C3
Project C3: Climate feedbacks from changes in fire-vegetation interactions in South-America
Research Team: H. Barbosa (USP), M. Cardoso (INPE), K. Thonicke (PIK), J. Volkholz (PIK)
Outline: Fire regimes differ substantially in the South-American ecosystems forming a deep gradient from tropical rainforests, where fires naturally do not occur, to the savannah ecosystems of the Cerrado and Caatinga where fires are a frequent and natural element. Changes in land-cover and habitat fragmentation continue to influence forest and savannah ecosystems. Fires escape from pasture and burn into neighboring tropical forest contributing to degradation . Recent trends show an increase in land-use change in the savannah ecosystems with unknown effects on fire. How these trends change vegetation-fire feedbacks, thus regional climate, is a big unknown. In addition to a release of carbon to the atmosphere, fire disturbance can modify evapotranspiration and surface albedo, thus potentially influencing precipitation and air temperature. These, in turn, can affect fuel conditions and induce more fires. How these feedbacks will change with shifting fire dominance from tropical forests to pasture and savannah is highly uncertain since it may not reduce total emissions. By combining thorough data analysis, building on complex network techniques with regional vegetation-climate modelling we aim to better quantify feedbacks between land-surface processes and climate.
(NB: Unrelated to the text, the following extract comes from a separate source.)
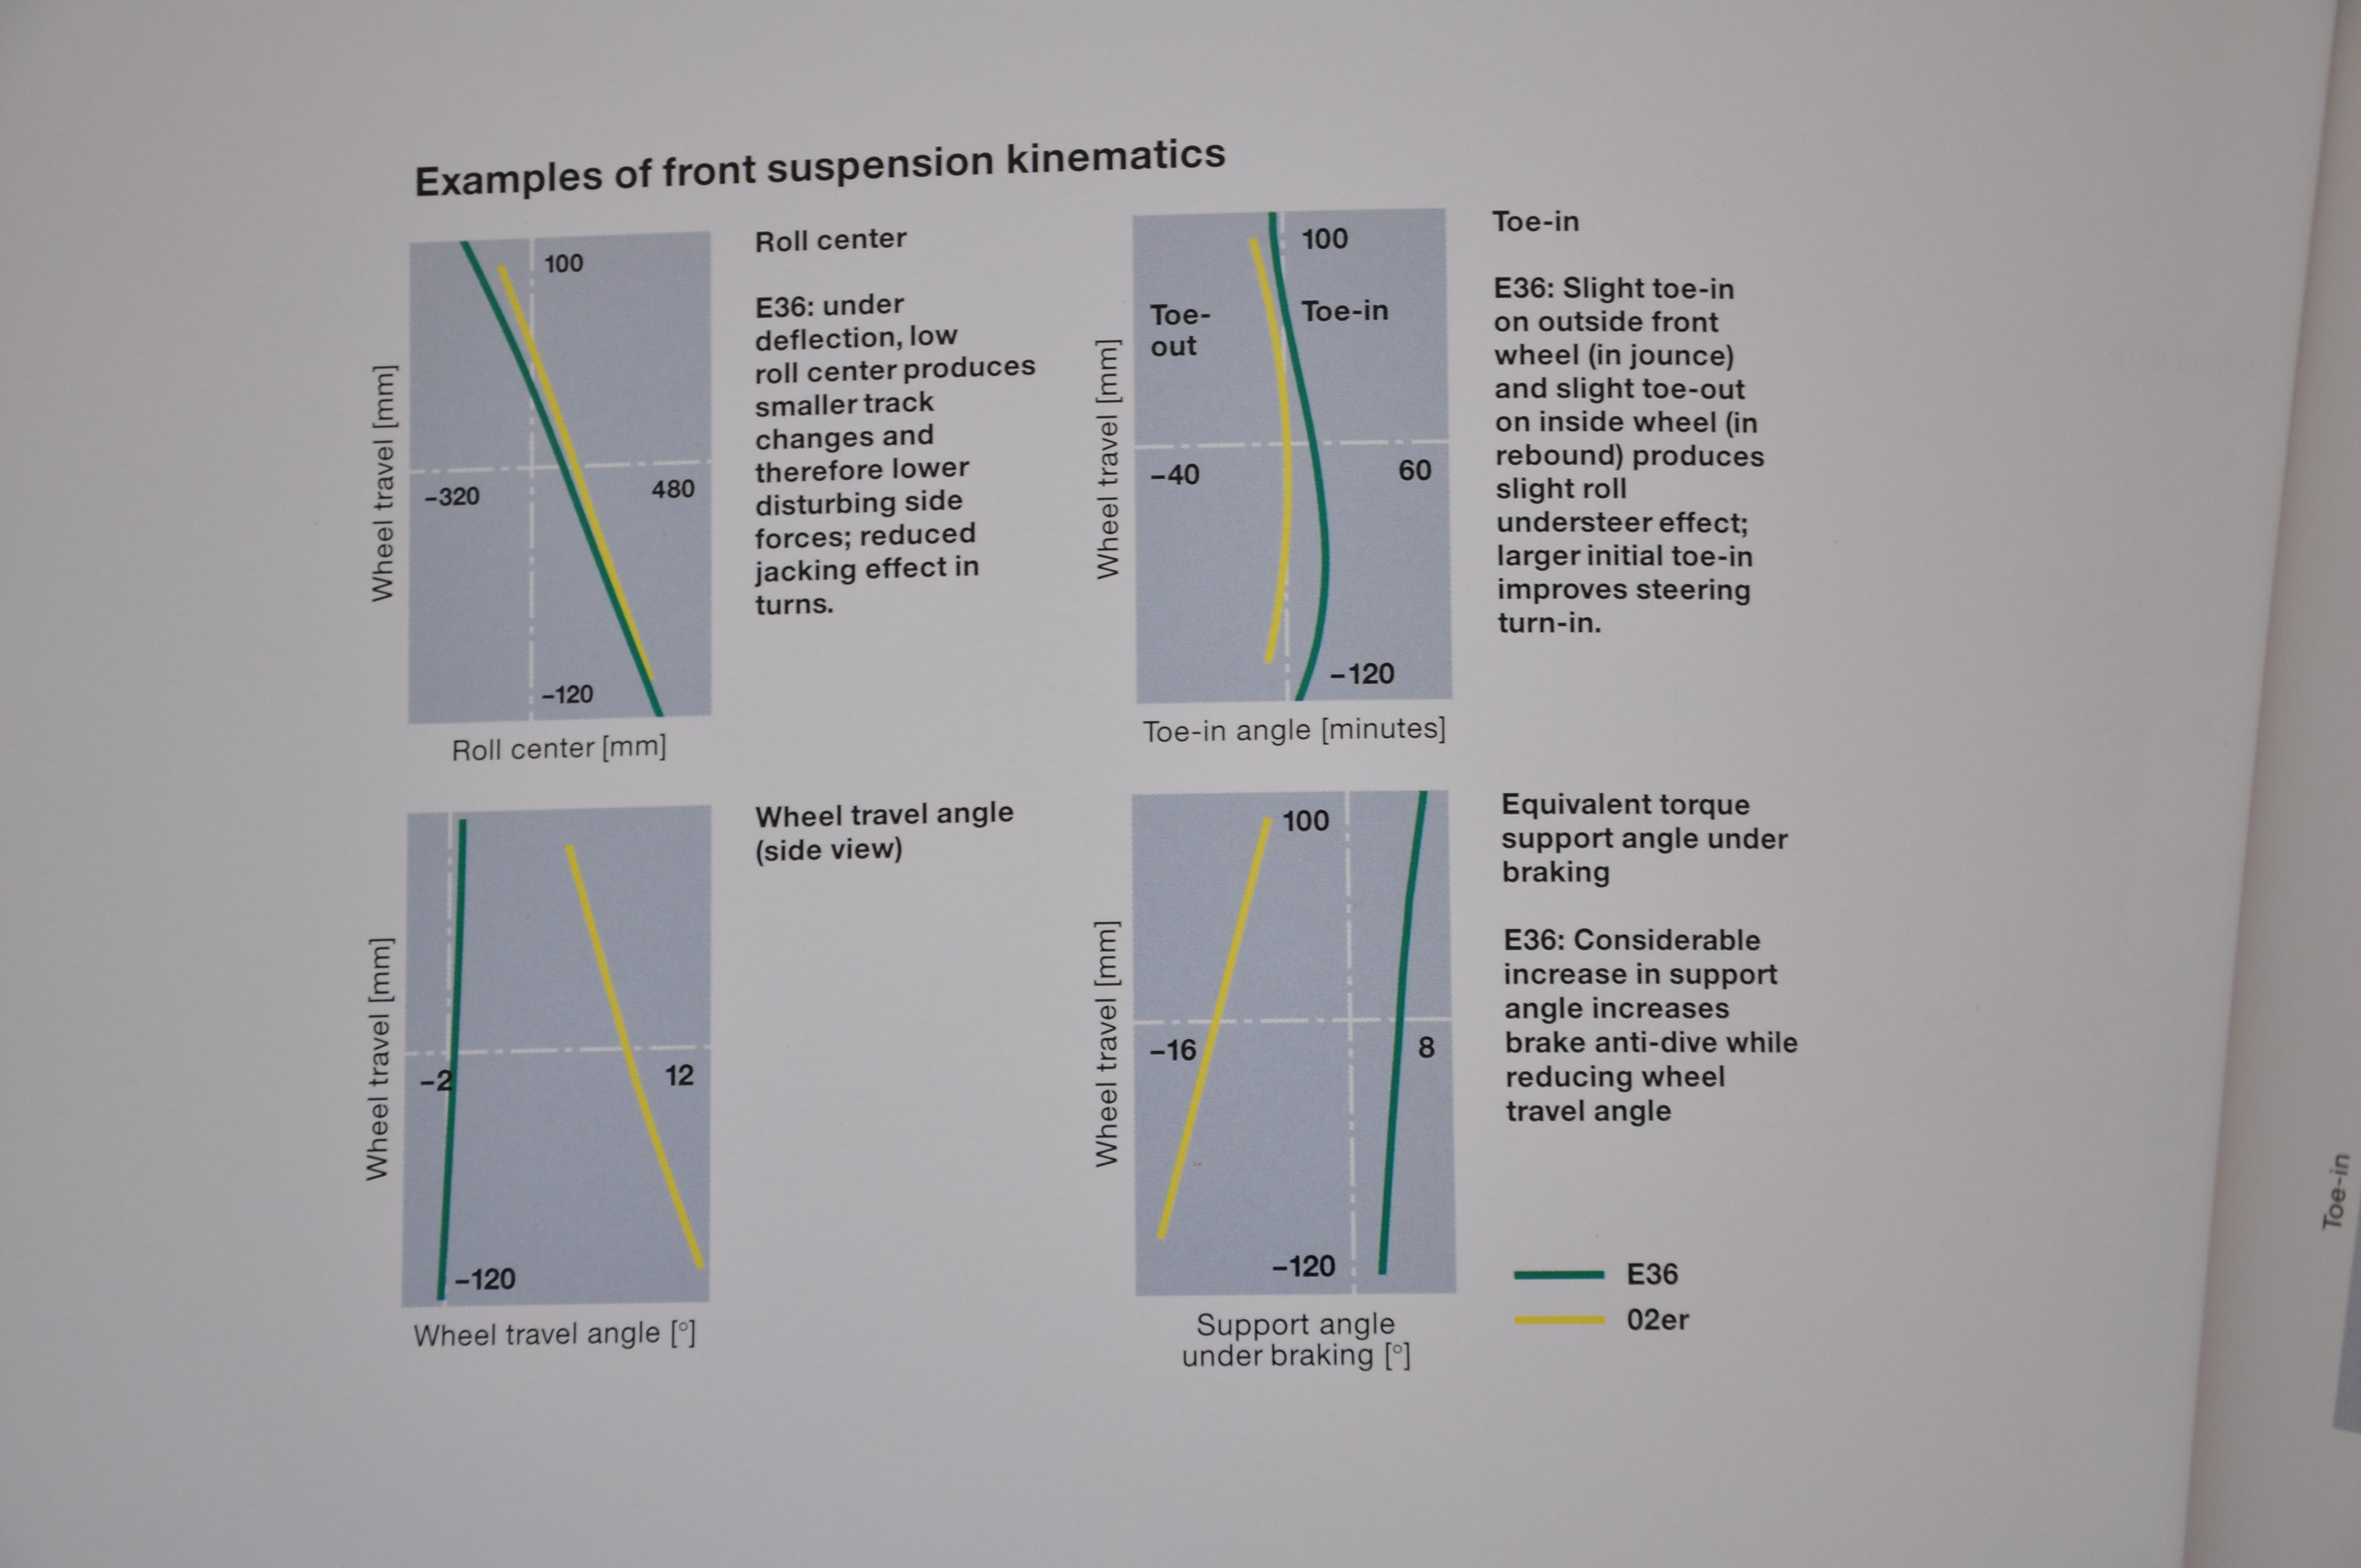 3 Series Suspension Kinematics  Elastokinematics  Axle

Research Topic: Recent development of complex network tools which identify fire clusters and burning conditions according to the land-cover type, help to analyze the land-use impact on fire regimes. We will expand this recent method to Cerrado and Caatinga ecosystems. This work will then form the basis to expand the SPITFIRE fire model with a dynamic fire-emission scheme for pasture and other land-use types. Simulated land-surface characteristics and fire-related emissions will be used to quantify the climate feedback applying the regional climate model CCLM. Simulation results will then be used to analyze changes in fire regimes and regional climate feedbacks using complex network methods for fire cluster analysis and event synchronization.